■ **Aim of the task**
Each entry that follows needs to be written out exactly, with nothing left out.

■ **Data for analysis**
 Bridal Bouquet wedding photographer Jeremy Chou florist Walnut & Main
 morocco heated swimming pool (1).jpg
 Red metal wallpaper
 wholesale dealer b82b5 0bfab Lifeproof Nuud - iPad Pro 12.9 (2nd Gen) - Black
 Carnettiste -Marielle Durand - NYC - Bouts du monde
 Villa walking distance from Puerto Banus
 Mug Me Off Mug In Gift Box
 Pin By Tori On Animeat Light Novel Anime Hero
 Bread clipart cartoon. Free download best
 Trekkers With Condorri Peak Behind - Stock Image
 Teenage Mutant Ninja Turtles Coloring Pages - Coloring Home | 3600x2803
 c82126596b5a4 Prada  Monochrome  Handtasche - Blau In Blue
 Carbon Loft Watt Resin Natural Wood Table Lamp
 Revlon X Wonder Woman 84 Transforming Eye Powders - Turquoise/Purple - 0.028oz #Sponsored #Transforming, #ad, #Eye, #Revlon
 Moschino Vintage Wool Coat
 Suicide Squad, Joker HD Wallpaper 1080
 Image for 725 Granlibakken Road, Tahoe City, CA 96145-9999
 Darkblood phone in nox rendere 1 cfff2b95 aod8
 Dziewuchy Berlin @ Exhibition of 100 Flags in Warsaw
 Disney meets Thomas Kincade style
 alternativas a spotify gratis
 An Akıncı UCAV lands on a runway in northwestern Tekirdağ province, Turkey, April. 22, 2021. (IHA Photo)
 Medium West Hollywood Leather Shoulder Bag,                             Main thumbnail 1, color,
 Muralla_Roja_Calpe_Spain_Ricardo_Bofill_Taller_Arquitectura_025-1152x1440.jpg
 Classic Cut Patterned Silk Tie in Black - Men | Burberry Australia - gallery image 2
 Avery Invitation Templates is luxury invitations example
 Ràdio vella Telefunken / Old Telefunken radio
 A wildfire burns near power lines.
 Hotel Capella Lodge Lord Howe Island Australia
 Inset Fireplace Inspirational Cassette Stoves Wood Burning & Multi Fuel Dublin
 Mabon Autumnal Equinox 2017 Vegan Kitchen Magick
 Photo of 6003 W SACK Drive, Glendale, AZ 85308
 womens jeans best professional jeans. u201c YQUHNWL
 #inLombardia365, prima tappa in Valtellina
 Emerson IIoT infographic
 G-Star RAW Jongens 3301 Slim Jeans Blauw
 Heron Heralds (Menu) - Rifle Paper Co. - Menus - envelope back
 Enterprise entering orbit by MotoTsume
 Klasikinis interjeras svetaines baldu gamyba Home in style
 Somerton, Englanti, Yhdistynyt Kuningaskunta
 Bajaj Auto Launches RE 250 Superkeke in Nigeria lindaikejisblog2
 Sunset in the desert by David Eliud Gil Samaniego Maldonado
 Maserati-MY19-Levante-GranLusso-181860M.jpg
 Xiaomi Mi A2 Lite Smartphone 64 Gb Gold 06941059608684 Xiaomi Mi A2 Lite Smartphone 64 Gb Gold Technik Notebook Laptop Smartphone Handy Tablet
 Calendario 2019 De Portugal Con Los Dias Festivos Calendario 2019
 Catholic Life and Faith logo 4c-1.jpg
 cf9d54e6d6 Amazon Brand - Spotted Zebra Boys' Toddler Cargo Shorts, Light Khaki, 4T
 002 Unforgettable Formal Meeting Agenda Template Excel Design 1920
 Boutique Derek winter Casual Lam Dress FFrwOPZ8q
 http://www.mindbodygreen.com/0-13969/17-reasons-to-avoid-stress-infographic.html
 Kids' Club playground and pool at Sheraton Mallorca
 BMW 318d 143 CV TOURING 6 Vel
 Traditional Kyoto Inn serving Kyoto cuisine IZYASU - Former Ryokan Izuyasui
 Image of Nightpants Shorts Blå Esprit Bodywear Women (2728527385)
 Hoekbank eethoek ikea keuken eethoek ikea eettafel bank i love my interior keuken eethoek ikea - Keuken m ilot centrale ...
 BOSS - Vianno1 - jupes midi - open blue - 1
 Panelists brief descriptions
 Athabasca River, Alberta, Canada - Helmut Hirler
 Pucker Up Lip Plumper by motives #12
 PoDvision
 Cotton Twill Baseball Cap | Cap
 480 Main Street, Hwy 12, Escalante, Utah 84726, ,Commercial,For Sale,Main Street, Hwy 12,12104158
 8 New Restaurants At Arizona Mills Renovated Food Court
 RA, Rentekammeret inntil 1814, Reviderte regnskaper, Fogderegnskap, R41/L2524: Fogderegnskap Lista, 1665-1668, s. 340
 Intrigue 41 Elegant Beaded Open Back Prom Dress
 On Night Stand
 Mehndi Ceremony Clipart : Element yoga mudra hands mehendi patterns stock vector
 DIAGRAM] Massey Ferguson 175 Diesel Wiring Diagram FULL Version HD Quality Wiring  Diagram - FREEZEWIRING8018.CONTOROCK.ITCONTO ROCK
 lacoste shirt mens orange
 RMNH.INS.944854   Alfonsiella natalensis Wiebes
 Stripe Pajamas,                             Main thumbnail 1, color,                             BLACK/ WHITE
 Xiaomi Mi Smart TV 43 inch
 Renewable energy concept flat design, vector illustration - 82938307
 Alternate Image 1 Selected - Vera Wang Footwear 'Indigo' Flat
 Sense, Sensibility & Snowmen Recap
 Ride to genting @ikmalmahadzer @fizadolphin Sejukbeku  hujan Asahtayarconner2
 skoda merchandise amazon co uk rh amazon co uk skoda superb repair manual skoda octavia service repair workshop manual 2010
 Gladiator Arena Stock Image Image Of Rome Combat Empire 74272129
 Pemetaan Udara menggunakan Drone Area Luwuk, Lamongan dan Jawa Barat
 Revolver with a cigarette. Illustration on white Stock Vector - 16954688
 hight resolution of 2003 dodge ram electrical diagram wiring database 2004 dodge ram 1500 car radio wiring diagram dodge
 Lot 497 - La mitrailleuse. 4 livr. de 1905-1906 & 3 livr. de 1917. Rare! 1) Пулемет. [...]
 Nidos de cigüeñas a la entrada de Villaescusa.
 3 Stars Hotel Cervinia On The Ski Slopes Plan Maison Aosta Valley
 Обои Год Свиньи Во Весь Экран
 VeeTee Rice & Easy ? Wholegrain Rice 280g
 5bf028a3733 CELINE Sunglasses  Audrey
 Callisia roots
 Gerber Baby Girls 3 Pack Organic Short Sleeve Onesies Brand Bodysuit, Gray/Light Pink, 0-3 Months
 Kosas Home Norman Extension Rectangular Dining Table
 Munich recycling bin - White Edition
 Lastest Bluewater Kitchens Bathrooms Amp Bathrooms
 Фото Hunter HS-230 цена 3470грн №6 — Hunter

■ **Solved exercise**
 Bridal Bouquet wedding photographer Jeremy Chou florist Walnut & Main
 morocco heated swimming pool (1).jpg
 Red metal wallpaper
 wholesale dealer b82b5 0bfab Lifeproof Nuud - iPad Pro 12.9 (2nd Gen) - Black
 Carnettiste -Marielle Durand - NYC - Bouts du monde
 Villa walking distance from Puerto Banus
 Mug Me Off Mug In Gift Box
 Pin By Tori On Animeat Light Novel Anime Hero
 Bread clipart cartoon. Free download best
 Trekkers With Condorri Peak Behind - Stock Image
 Teenage Mutant Ninja Turtles Coloring Pages - Coloring Home | 3600x2803
 c82126596b5a4 Prada  Monochrome  Handtasche - Blau In Blue
 Carbon Loft Watt Resin Natural Wood Table Lamp
 Revlon X Wonder Woman 84 Transforming Eye Powders - Turquoise/Purple - 0.028oz #Sponsored #Transforming, #ad, #Eye, #Revlon
 Moschino Vintage Wool Coat
 Suicide Squad, Joker HD Wallpaper 1080
 Image for 725 Granlibakken Road, Tahoe City, CA 96145-9999
 Darkblood phone in nox rendere 1 cfff2b95 aod8
 Dziewuchy Berlin @ Exhibition of 100 Flags in Warsaw
 Disney meets Thomas Kincade style
 alternativas a spotify gratis
 An Akıncı UCAV lands on a runway in northwestern Tekirdağ province, Turkey, April. 22, 2021. (IHA Photo)
 Medium West Hollywood Leather Shoulder Bag,                             Main thumbnail 1, color,
 Muralla_Roja_Calpe_Spain_Ricardo_Bofill_Taller_Arquitectura_025-1152x1440.jpg
 Classic Cut Patterned Silk Tie in Black - Men | Burberry Australia - gallery image 2
 Avery Invitation Templates is luxury invitations example
 Ràdio vella Telefunken / Old Telefunken radio
 A wildfire burns near power lines.
 Hotel Capella Lodge Lord Howe Island Australia
 Inset Fireplace Inspirational Cassette Stoves Wood Burning & Multi Fuel Dublin
 Mabon Autumnal Equinox 2017 Vegan Kitchen Magick
 Photo of 6003 W SACK Drive, Glendale, AZ 85308
 womens jeans best professional jeans. u201c YQUHNWL
 #inLombardia365, prima tappa in Valtellina
 Emerson IIoT infographic
 G-Star RAW Jongens 3301 Slim Jeans Blauw
 Heron Heralds (Menu) - Rifle Paper Co. - Menus - envelope back
 Enterprise entering orbit by MotoTsume
 Klasikinis interjeras svetaines baldu gamyba Home in style
 Somerton, Englanti, Yhdistynyt Kuningaskunta
 Bajaj Auto Launches RE 250 Superkeke in Nigeria lindaikejisblog2
 Sunset in the desert by David Eliud Gil Samaniego Maldonado
 Maserati-MY19-Levante-GranLusso-181860M.jpg
 Xiaomi Mi A2 Lite Smartphone 64 Gb Gold 06941059608684 Xiaomi Mi A2 Lite Smartphone 64 Gb Gold Technik Notebook Laptop Smartphone Handy Tablet
 Calendario 2019 De Portugal Con Los Dias Festivos Calendario 2019
 Catholic Life and Faith logo 4c-1.jpg
 cf9d54e6d6 Amazon Brand - Spotted Zebra Boys' Toddler Cargo Shorts, Light Khaki, 4T
 002 Unforgettable Formal Meeting Agenda Template Excel Design 1920
 Boutique Derek winter Casual Lam Dress FFrwOPZ8q
 http://www.mindbodygreen.com/0-13969/17-reasons-to-avoid-stress-infographic.html
 Kids' Club playground and pool at Sheraton Mallorca
 BMW 318d 143 CV TOURING 6 Vel
 Traditional Kyoto Inn serving Kyoto cuisine IZYASU - Former Ryokan Izuyasui
 Image of Nightpants Shorts Blå Esprit Bodywear Women (2728527385)
 Hoekbank eethoek ikea keuken eethoek ikea eettafel bank i love my interior keuken eethoek ikea - Keuken m ilot centrale ...
 BOSS - Vianno1 - jupes midi - open blue - 1
 Panelists brief descriptions
 Athabasca River, Alberta, Canada - Helmut Hirler
 Pucker Up Lip Plumper by motives #12
 PoDvision
 Cotton Twill Baseball Cap | Cap
 480 Main Street, Hwy 12, Escalante, Utah 84726, ,Commercial,For Sale,Main Street, Hwy 12,12104158
 8 New Restaurants At Arizona Mills Renovated Food Court
 RA, Rentekammeret inntil 1814, Reviderte regnskaper, Fogderegnskap, R41/L2524: Fogderegnskap Lista, 1665-1668, s. 340
 Intrigue 41 Elegant Beaded Open Back Prom Dress
 On Night Stand
 Mehndi Ceremony Clipart : Element yoga mudra hands mehendi patterns stock vector
 DIAGRAM] Massey Ferguson 175 Diesel Wiring Diagram FULL Version HD Quality Wiring  Diagram - FREEZEWIRING8018.CONTOROCK.ITCONTO ROCK
 lacoste shirt mens orange
 RMNH.INS.944854   Alfonsiella natalensis Wiebes
 Stripe Pajamas,                             Main thumbnail 1, color,                             BLACK/ WHITE
 Xiaomi Mi Smart TV 43 inch
 Renewable energy concept flat design, vector illustration - 82938307
 Alternate Image 1 Selected - Vera Wang Footwear 'Indigo' Flat
 Sense, Sensibility & Snowmen Recap
 Ride to genting @ikmalmahadzer @fizadolphin Sejukbeku  hujan Asahtayarconner2
 skoda merchandise amazon co uk rh amazon co uk skoda superb repair manual skoda octavia service repair workshop manual 2010
 Gladiator Arena Stock Image Image Of Rome Combat Empire 74272129
 Pemetaan Udara menggunakan Drone Area Luwuk, Lamongan dan Jawa Barat
 Revolver with a cigarette. Illustration on white Stock Vector - 16954688
 hight resolution of 2003 dodge ram electrical diagram wiring database 2004 dodge ram 1500 car radio wiring diagram dodge
 Lot 497 - La mitrailleuse. 4 livr. de 1905-1906 & 3 livr. de 1917. Rare! 1) Пулемет. [...]
 Nidos de cigüeñas a la entrada de Villaescusa.
 3 Stars Hotel Cervinia On The Ski Slopes Plan Maison Aosta Valley
 Обои Год Свиньи Во Весь Экран
 VeeTee Rice & Easy ? Wholegrain Rice 280g
 5bf028a3733 CELINE Sunglasses  Audrey
 Callisia roots
 Gerber Baby Girls 3 Pack Organic Short Sleeve Onesies Brand Bodysuit, Gray/Light Pink, 0-3 Months
 Kosas Home Norman Extension Rectangular Dining Table
 Munich recycling bin - White Edition
 Lastest Bluewater Kitchens Bathrooms Amp Bathrooms
 Фото Hunter HS-230 цена 3470грн №6 — Hunter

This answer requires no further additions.